**WORK TO BE COMPLETED:** Write the lines below out exactly, dropping each picture.

**SUPPLIED INFORMATION:**
——
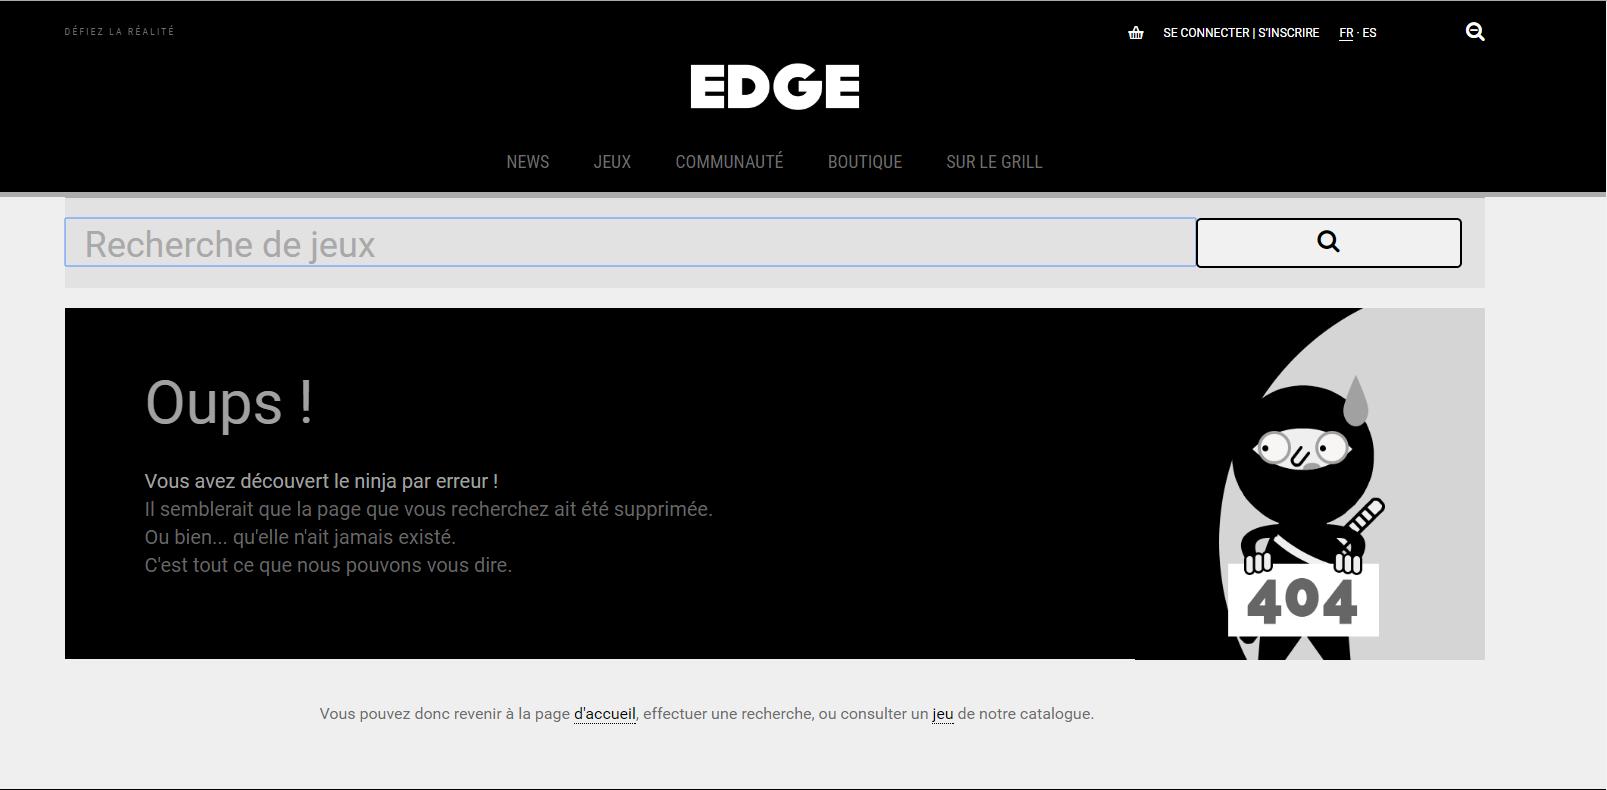 SEO page 404 edge
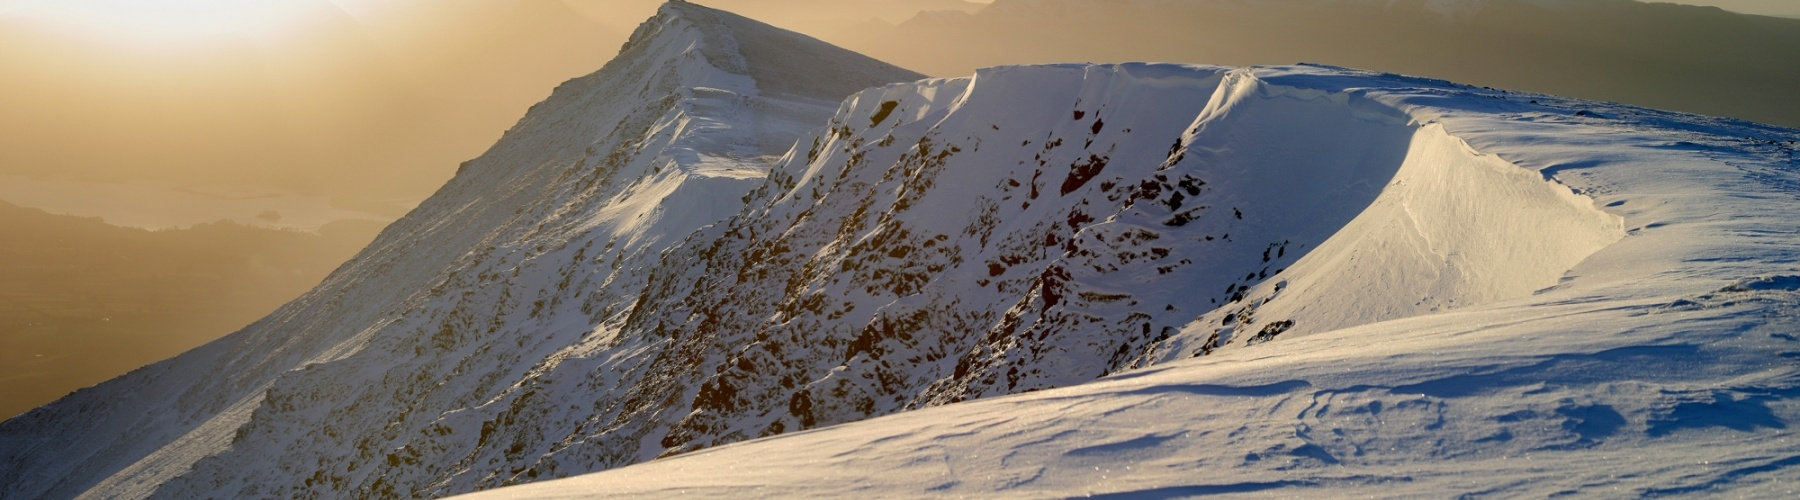 P0057-Corniced-Ridge-on-Bencathra
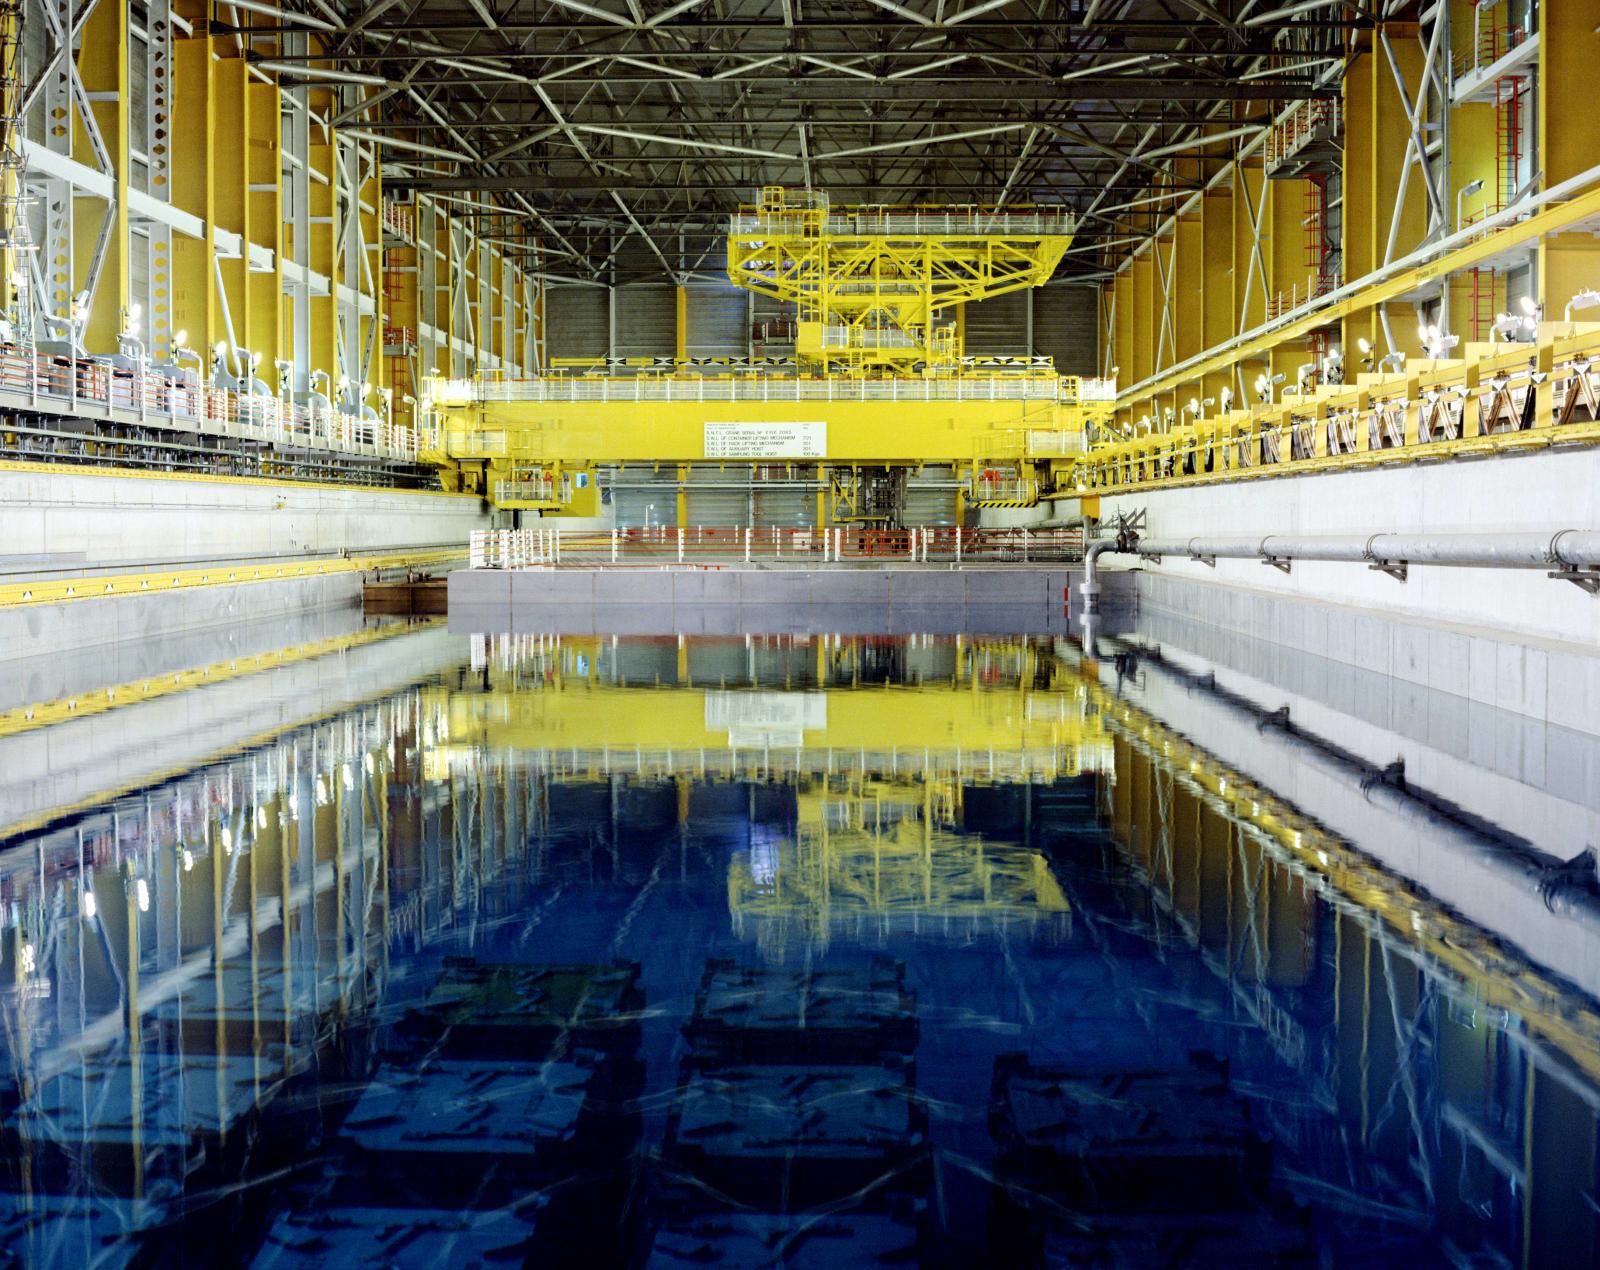 Nuclear storage pond
——
**EXPECTED ANSWER:**
 SEO page 404 edge
 P0057-Corniced-Ridge-on-Bencathra
 Nuclear storage pond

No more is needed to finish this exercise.